When people think of links golf in Ireland, they often look towards the west coast of the country with the likes of Tralee, Ballybunion, Lahinch, Doonbeg, Carne, Enniscrone and Rosses Point etc.
All fantastic courses and no doubt some gems have been omitted from that list. If those were all the links golf courses in the country, Ireland would still stand tall against the links Scotland has to offer.
The east coast, particularly the North Dublin to Portrush stretch of links is massively overlooked. We have Royal Dublin, the Island, Corballis, Seapoint, Co. Louth GC (Baltray), Portrush, Portmarnock Links and Portmarnock Golf Club. Portmarnock Golf Club is a bucket list course for so many. The famous first hole running along the estuary while the finishing stretch loops back around the coast taking in Ireland’s eye.

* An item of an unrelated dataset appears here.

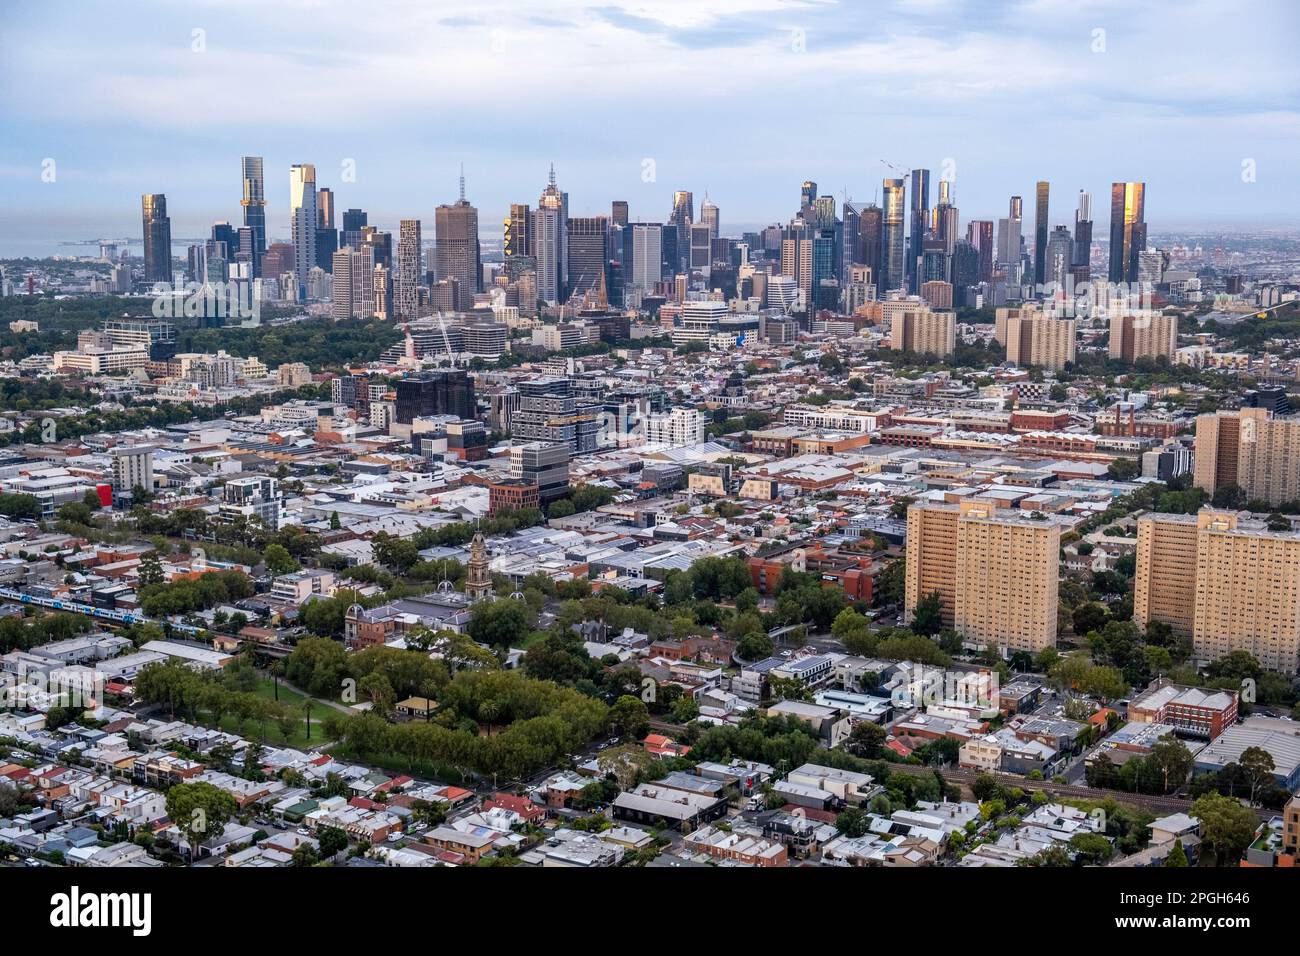 Aerial view of the Melbourne city skyline and suburbs. Melbourne, Victoria, Australia Stock Photo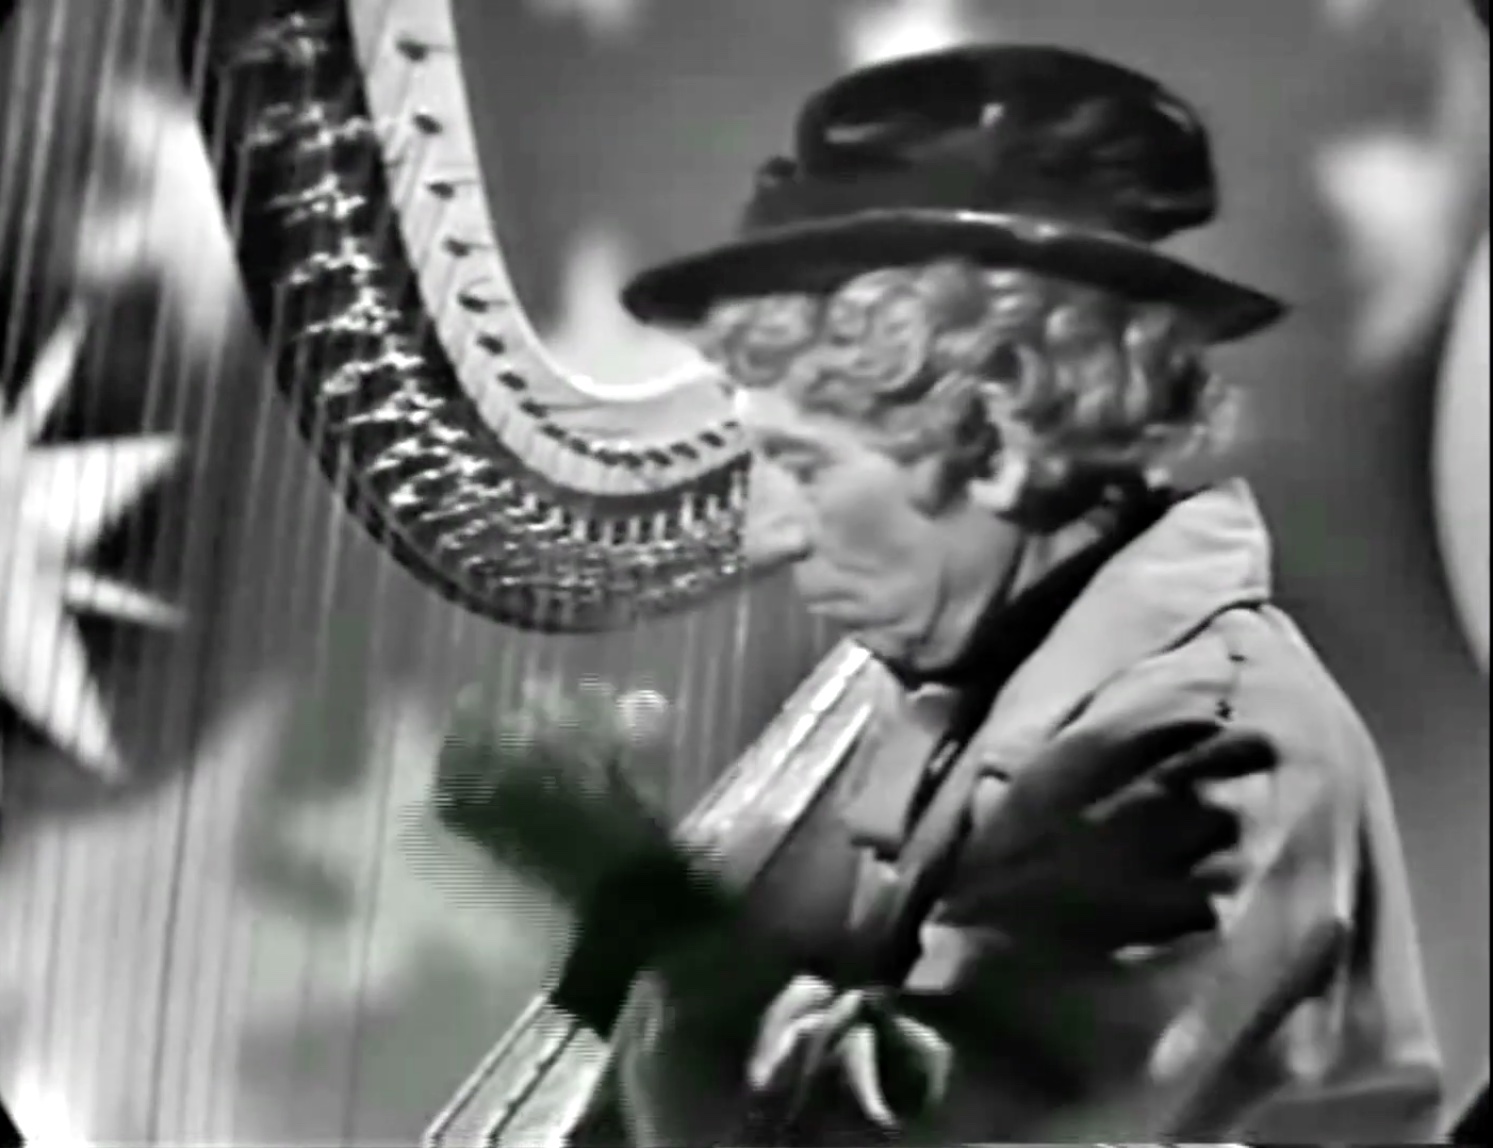 Harpo Marx playing his own composition, "Guardian Angel", on The Red Skelton Hour - "Somebody Up There Should Stay Up There"

18 holes of golfing bliss. However, Portmarnock boasts 27 holes thanks to a ‘Yellow Nine’ that can stand up proud against any golf course in the country. Is it possible to have a hidden gem among 18 holes of golf that are known worldwide?
If the Yellow Nine was perched in south Dublin it would be one of the most coveted nine-hole courses in Ireland, if not the world. To portray it as the lesser nine would be disrespectful to this sensational piece of golfing architecture.
Ireland is spoiled with some tremendous golf courses and the members of Portmarnock are very lucky to have a third nine of the quality of the Yellow Nine.
Several golf courses can be guilty of having 27 holes but three mediocre nines. At Portmarnock the Yellow Nine is certainly not the unwanted middle child and is a true test of golf.
The Yellow Nine balances strategy with freedom perfectly. There is great variety in the par-3s that can range from a wedge to a five-iron depending on the tee box and wind direction. The par fours are challenging but that doesn’t mean they are long – the shortest par fours often prove the most demanding.
The short par-4 fourth is reachable off the tee but in attempting to do so, you flirt with danger. A birdie and an eight are possible. Miss right at your peril but bailing out left can also lead to trouble in the sandy dunes.
Playing at just 300 yards this is by no mean a drive it up close to the green and chip on. Depending on the pin position and the slopes on the greens, putting from 30 yards off the green might be the percentage play to avoid the ball running off into a swale.
Laying up is no picnic and can even accentuate the challenge ahead, leaving a difficult approach shot into a green protected by front bunkers and run off areas either side.
Any disasters would undoubtedly be softened by some panoramic views along the North Dublin coastline with the Portmarnock Hotel & Golf Links in sight from the tee box.
Strategy and patience is key around the Yellow Nine but it does afford the golfer the opportunity to open the shoulders and let rip on the three par fives which might recover your score after some tricky holes or see you build up your card after safely negotiating your way around.
Despite it being the third nine on the course, it plays host to regular club competitions during the year and is in equally as good condition as the regular 18.
The course staff should be immensely proud of the Yellow Nine which boast greens which are arguably the best in the country. It would be an insult to say that the course is in pristine condition for November. If it was a balmy mid-July afternoon, you would say the same thing.
The Yellow Nine at Portmarnock. A privilege.